Given material –
________________
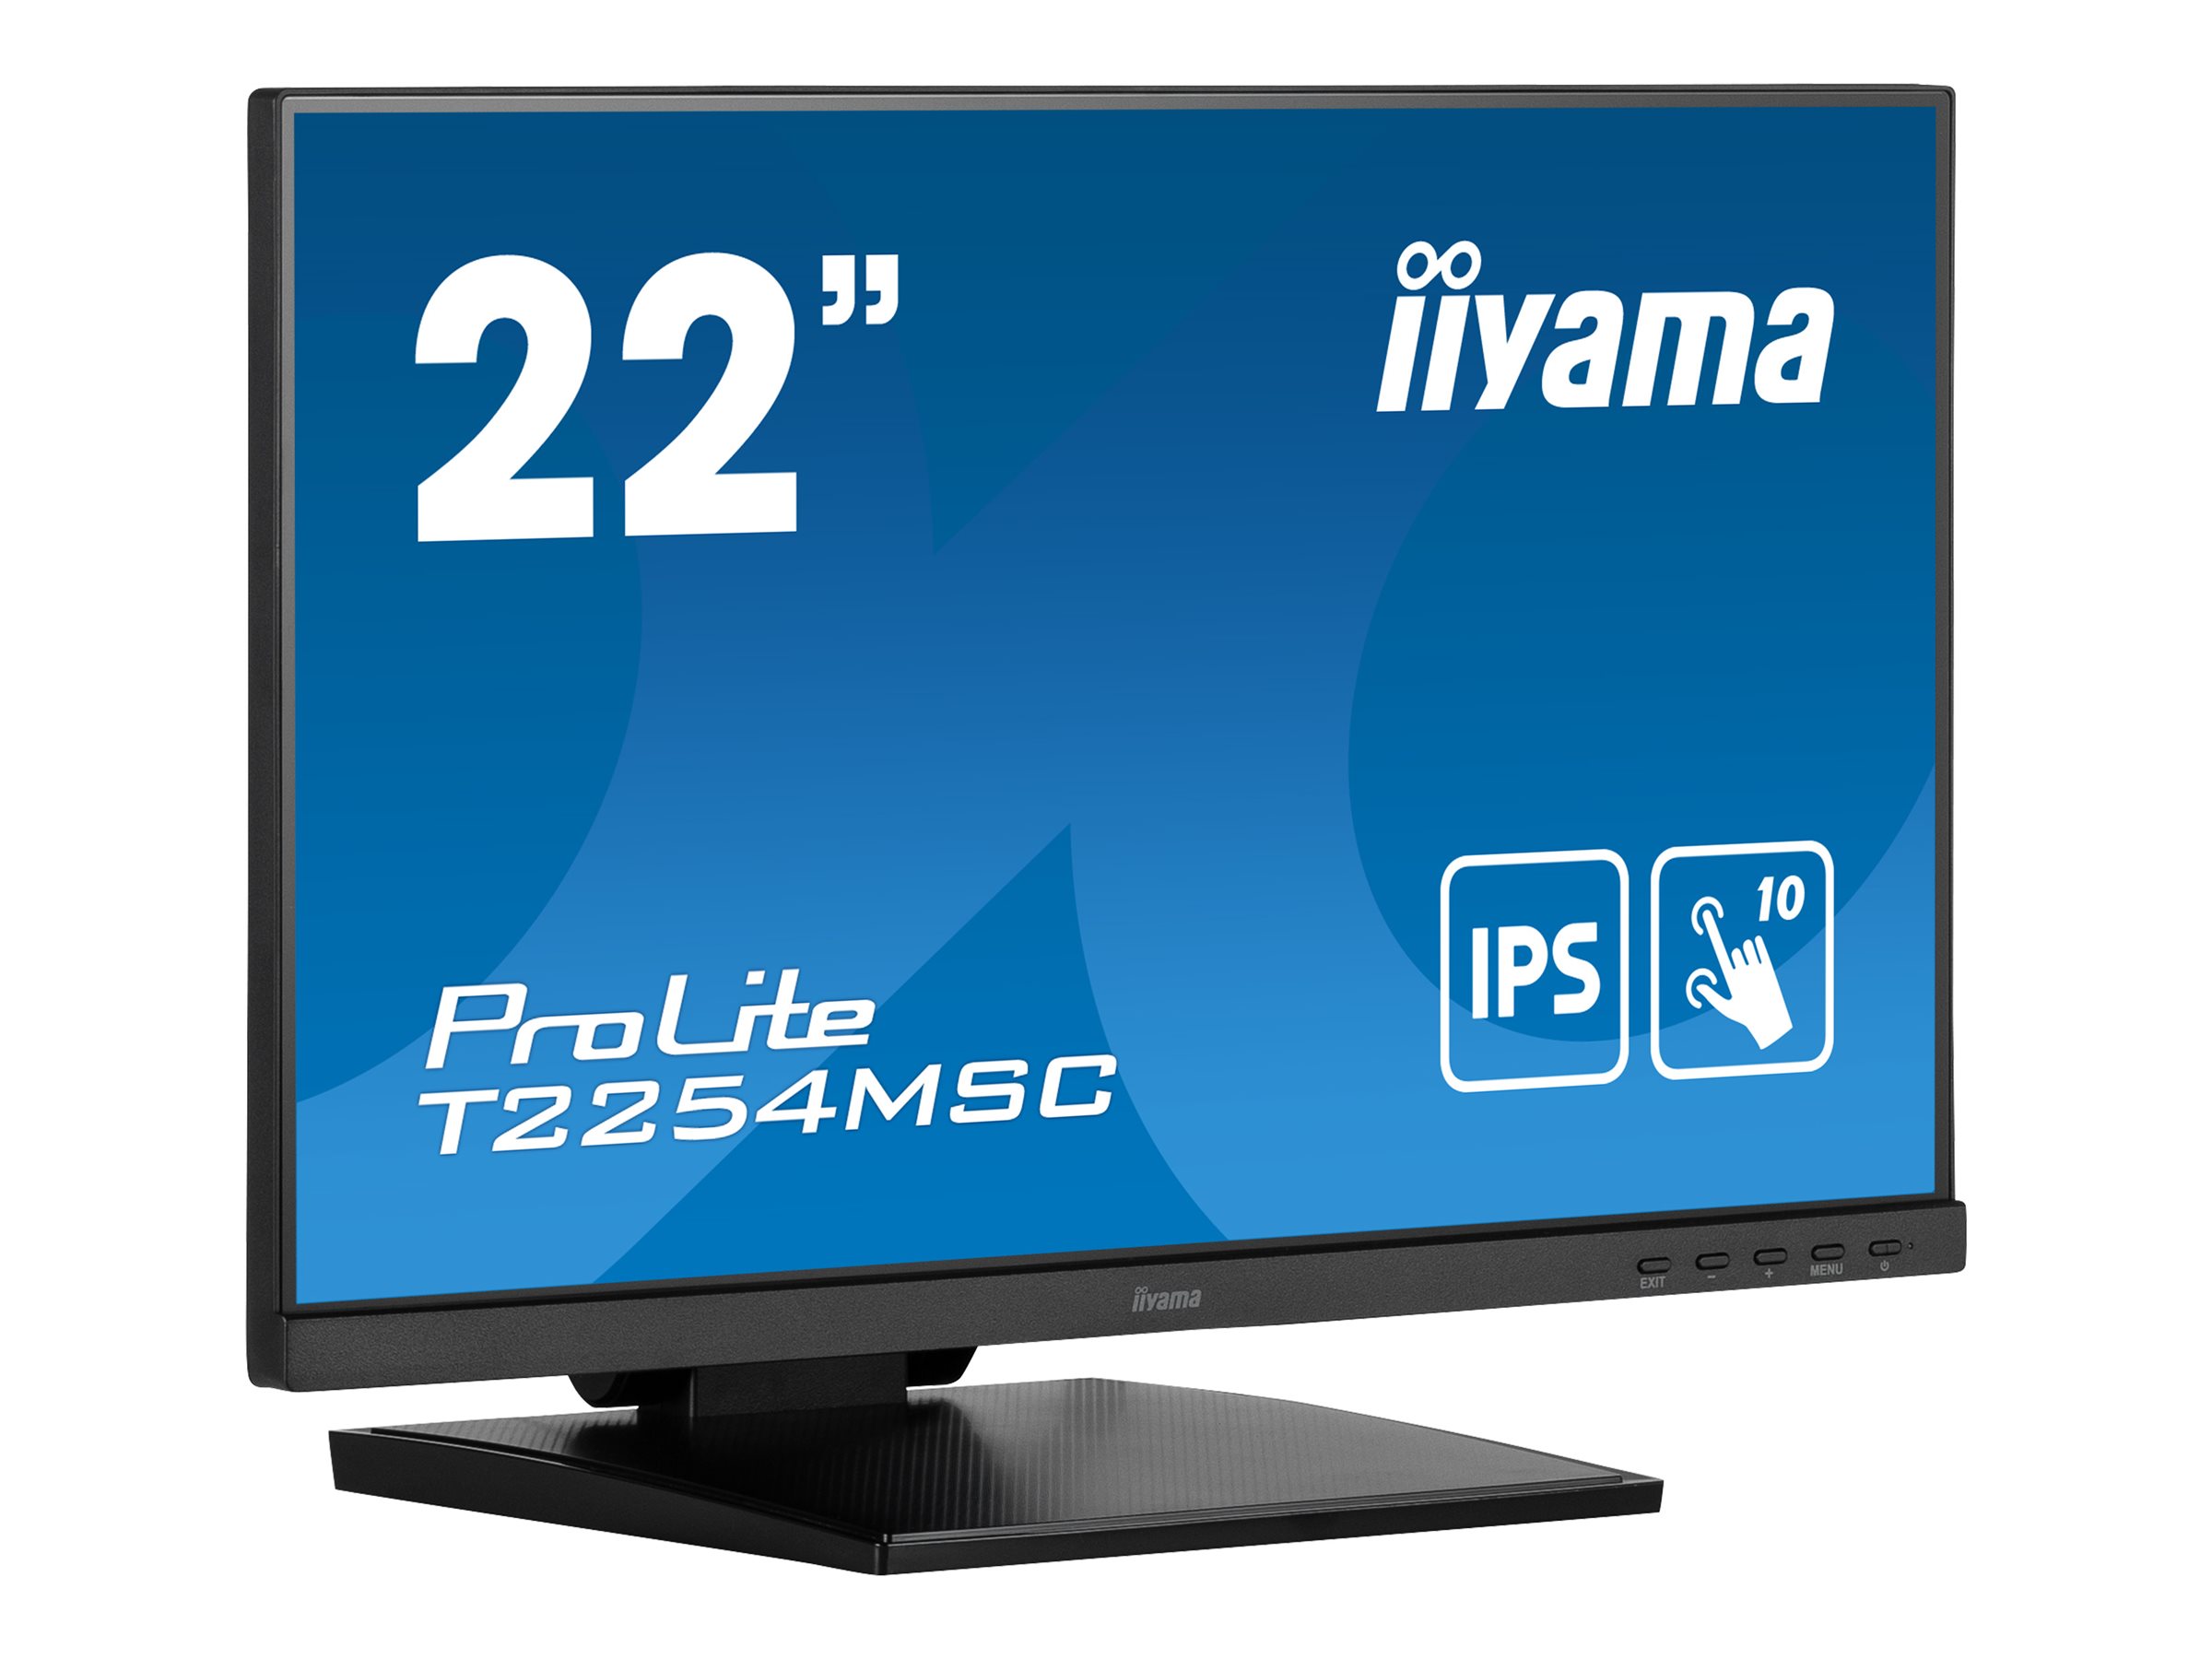 iiyama ProLite T2254MSC-B1AG - Écran LED - 22" (21.5" visualisable) - écran tactile - 1920 x 1080 Full HD (1080p) @ 60 Hz - IPS - 250 cd/m² - 1000:1 - 4 ms - HDMI, DisplayPort - haut-parleurs - noir mat - T2254MSC-B1AG - Écrans d'ordinateur
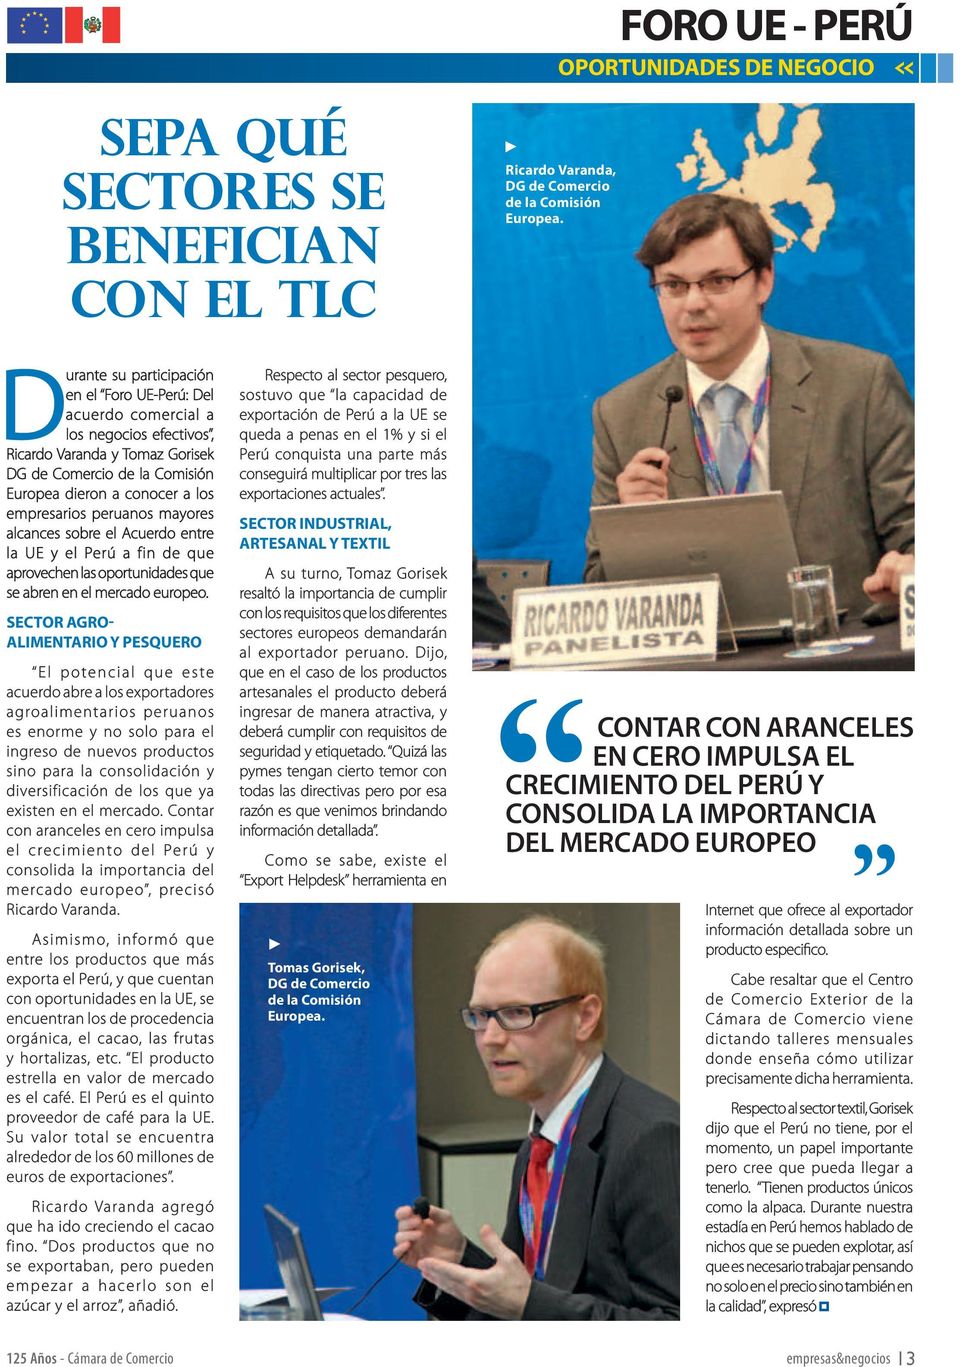 peruanos mayores alcances sobre el Acuerdo entre la UE y el Perú a fin de que aprovechen las oportunidades que se abren en el mercado europeo.
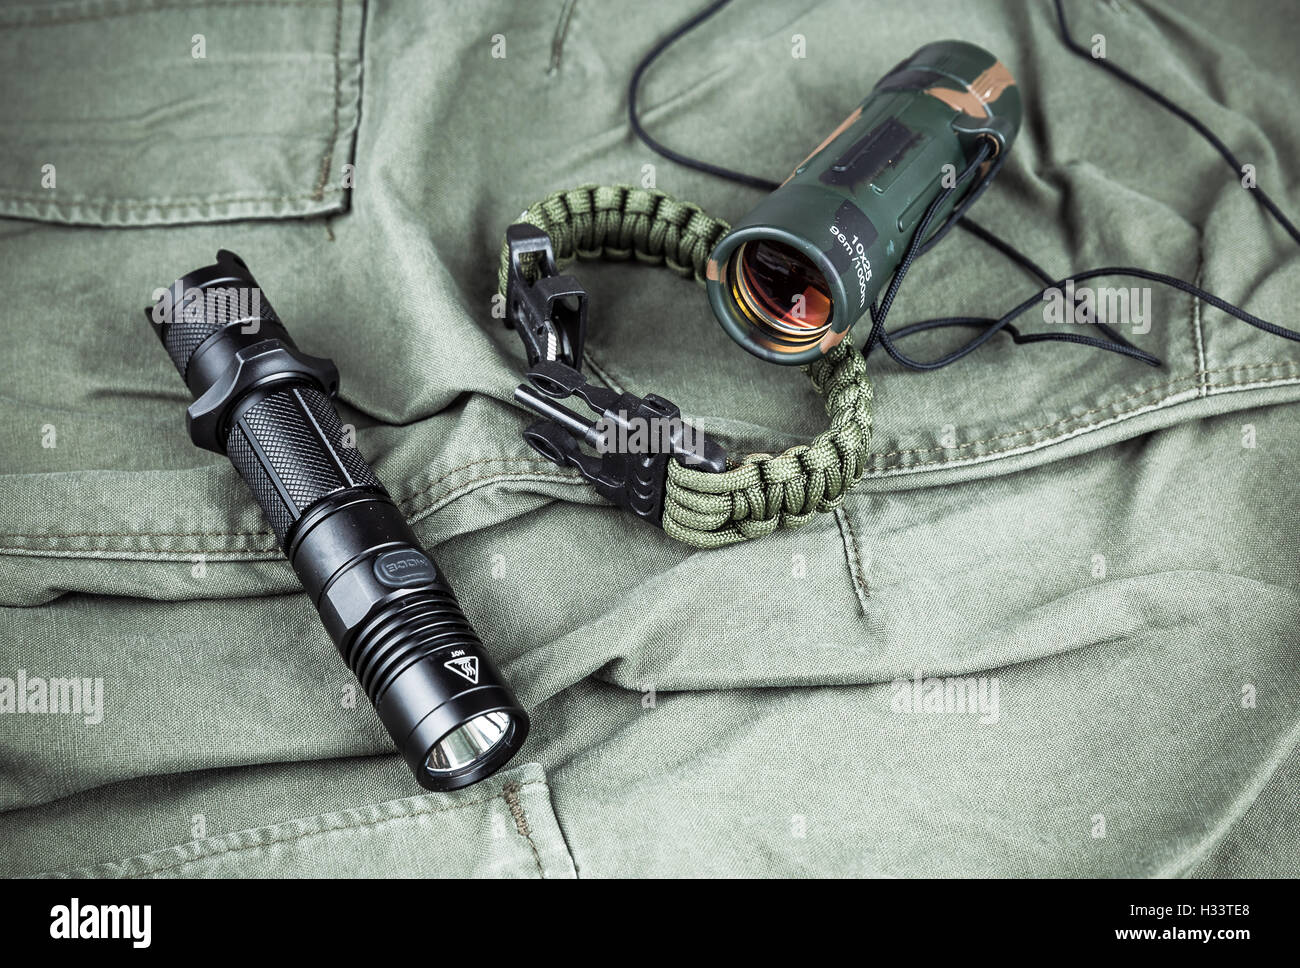 Militärische Paracord Armband, taktische Taschenlampe und Fernglas  Stockfotografie - Alamy
________________
What is required –
Reproduce nothing but the lines from the line containing "peruanos mayores alcances" through the last line of the data above, exactly as written and without pictures.

Written response –
 peruanos mayores alcances sobre el Acuerdo entre la UE y el Perú a fin de que aprovechen las oportunidades que se abren en el mercado europeo.
 Militärische Paracord Armband, taktische Taschenlampe und Fernglas  Stockfotografie - Alamy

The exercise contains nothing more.